In: Biology
A current UC Santa Cruz graduate student who earned their biology degree at SFSU is doing research to replicate classic experiments that investigated the inheritance patterns of traits in the sweet pea plant. In one experiment, they mated a plant with wrinkled seeds (plant A) to a plant with smooth seeds (plant B). Of the resulting 100 offspring plants, they noted that 48 had wrinkled seeds and 52 had smooth seeds.

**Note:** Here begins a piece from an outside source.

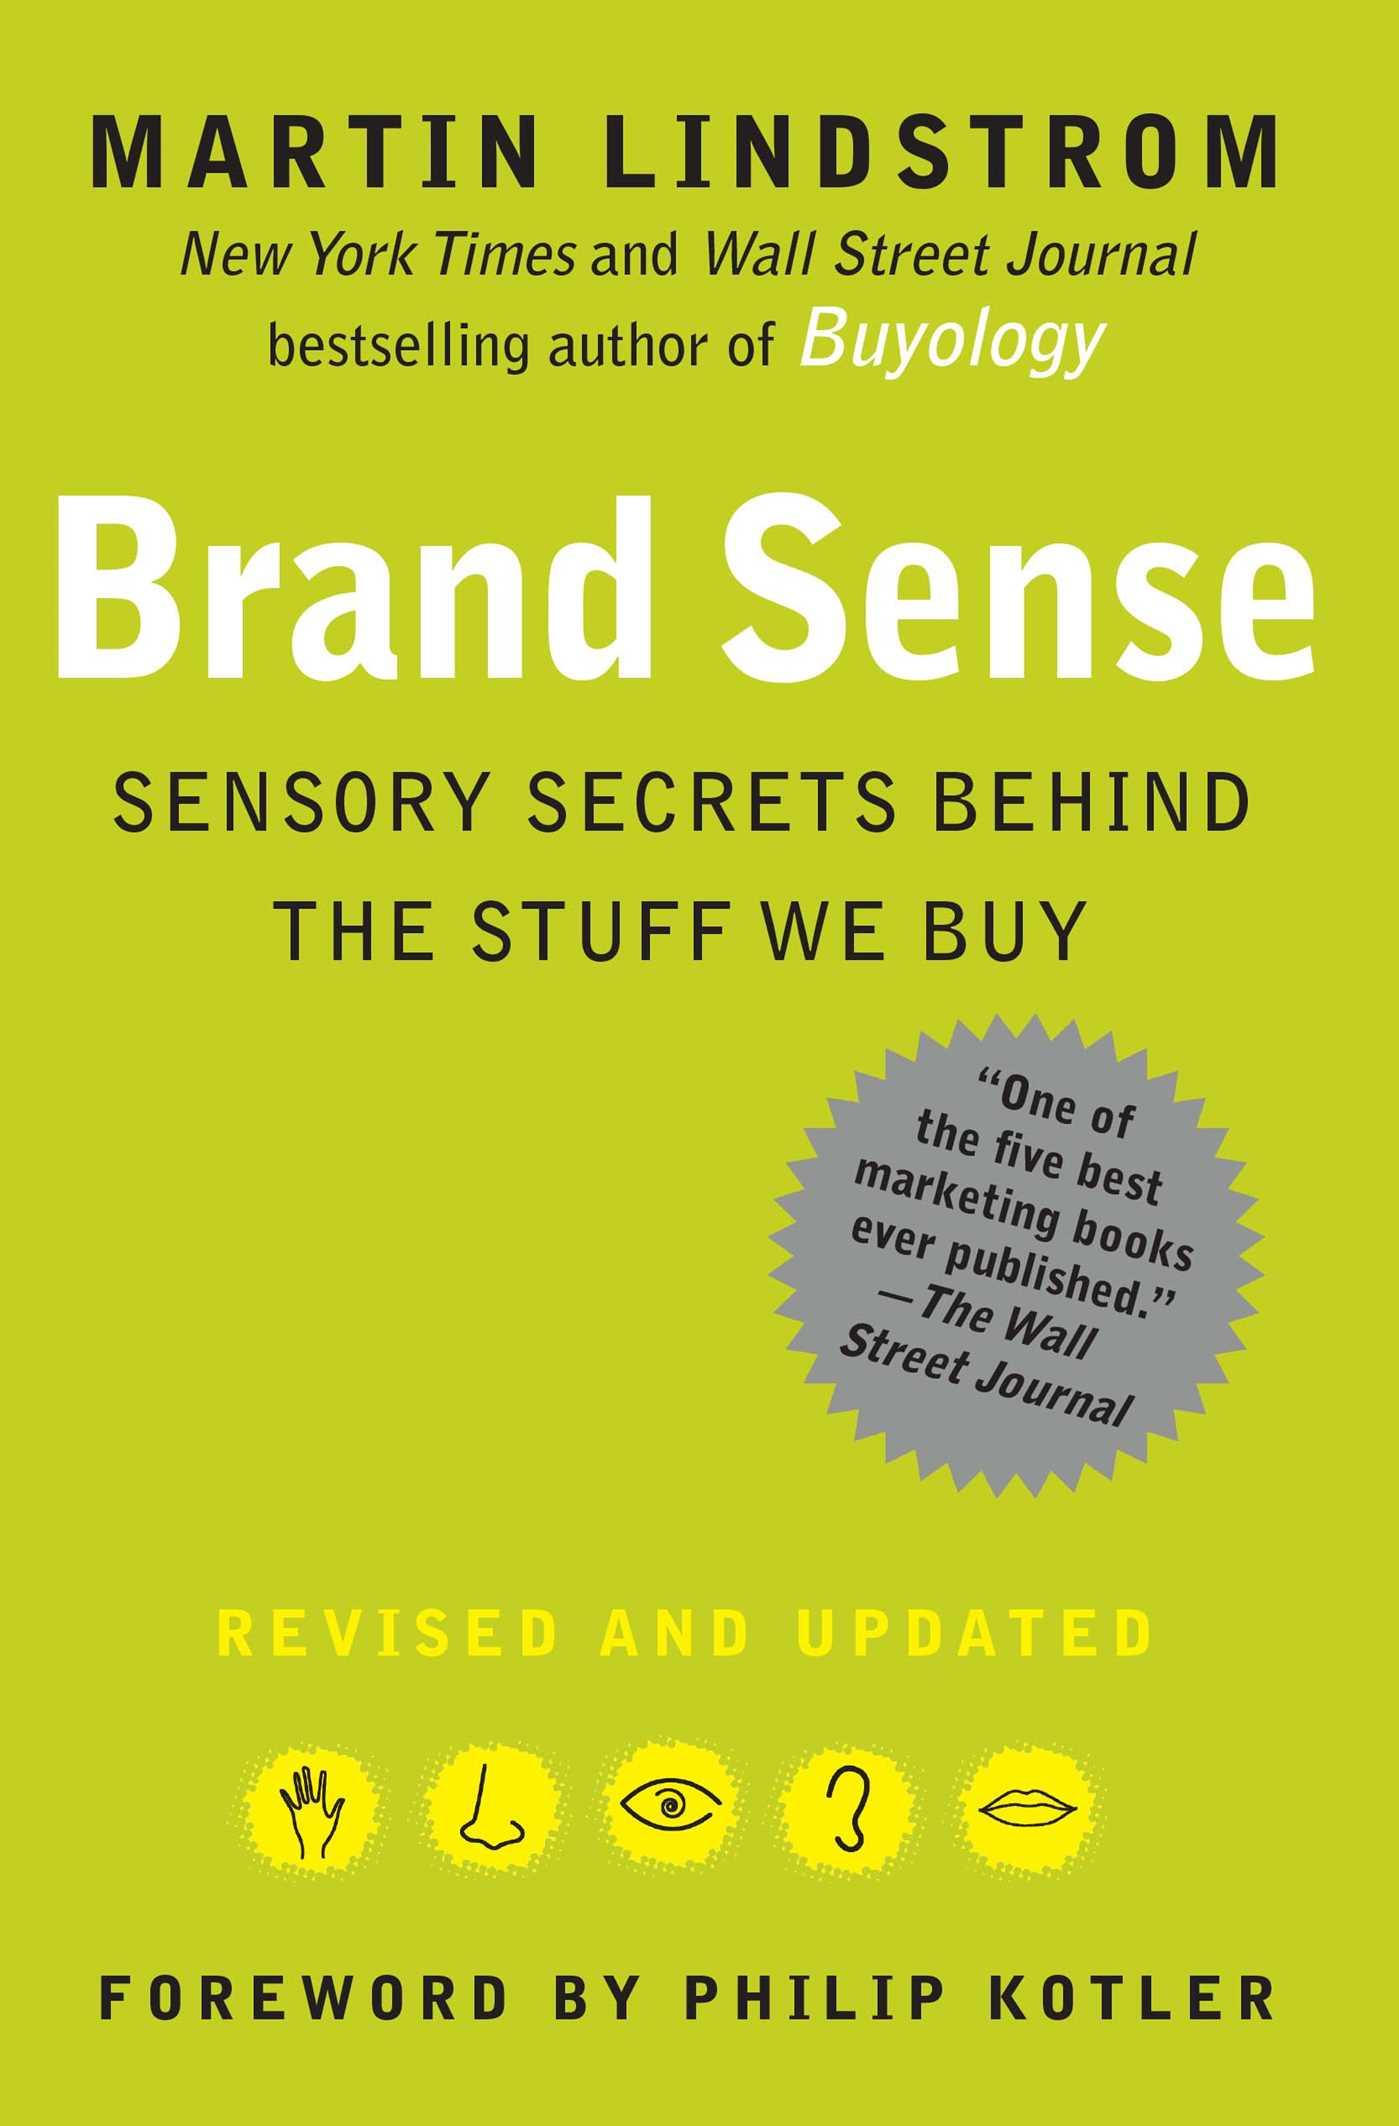 Brand sense ebook by martin lindstrom philip kotler official brand sense 9781439103456 hr fandeluxe Gallery

Answer the questions below and make sure you fully explain your logic.
PART 1 (3 points):
Based on the results of the experiment above, can you conclude that the wrinkled phenotype is recessive to the smooth phenotype? Why or why not?
PART 2 (3 points):
In a subsequent experiment, they crossed two of the smooth pea plants that resulted from the original cross. Of the 100 offspring, 24 plants had wrinkled seeds and 76 had smooth seeds. Can you conclude from this which of the two phenotypes is dominant? Explain your reasoning.
PART 3 (3 points):
Based on the results of both crosses (in PART1 and PART2), what were the genotypes of the original two plants (plant A and plant B)? How did you figure this out?
Part 1:
Cross between plant A (wrinkled seed) & plant B (smooth seed) produces wrinkled & smooth seeds in almost 1:1 ratio (As numbers of progeny are 48 & 52 for wrinkled & smooth seed respectively). Now, dominant phenotype must be heterozygous (assuming simple dominant-recessive relationship) to produce 1:1 ratio in the progeny (If dominant phenotype is homozygous, then we will observe all dominant phenotype). Dominant phenotype can be either smooth or wrinkled. Because in either case we will get 1:1 ratio in the progeny. This is shown in below Punnett square.
If smooth is dominant phenotype:
Let, S = allele for smooth phenotype, s = allele for wrinkled phenotype
Gametes | s | s |
S | Ss (Smooth) | Ss (Smooth) |
s | ss (Wrinkled) | ss (Wrinkled) |
Similarly, we will get 1:1 ratio if assume wrinkled phenotype is dominant.
So, it is not possible to determine which phenotype is dominant & which one is recessive.
Part 2:
As cross between two smooth plants produces both smooth & wrinkled seeds, smooth phenotype is dominant because wrinkle allele is hidden in the heterozygous smooth seeds. Also, both smooth plants must be heterozygous in order to produce almost 3:1 ratio for smooth & wrinkled seeds in the progeny (As they produce 76 smooth & 24 wrinkled seeds, that is close to 3:1 ratio). This is shown in below Punnett square.
Let, S = allele for smooth phenotype, s = allele for wrinkled phenotype
Gametes | S | s |
S | SS (Smooth) | Ss (Smooth) |
s | Ss (Smooth) | ss (Wrinkled) |
Part 3:
From the part 2, we determined that both smooth plants are heterozygous. Also, original plant A (Wrinkled seeds) is homozygous recessive (ss genotype; as wrinkled phenotype is recessive that is determined in part 2). Now, plant B (smooth seed) must be heterozygous (Ss genotype) as cross between plant A (wrinkled seed) & plant B (smooth seed) produces wrinkled & smooth seeds in almost 1:1 ratio.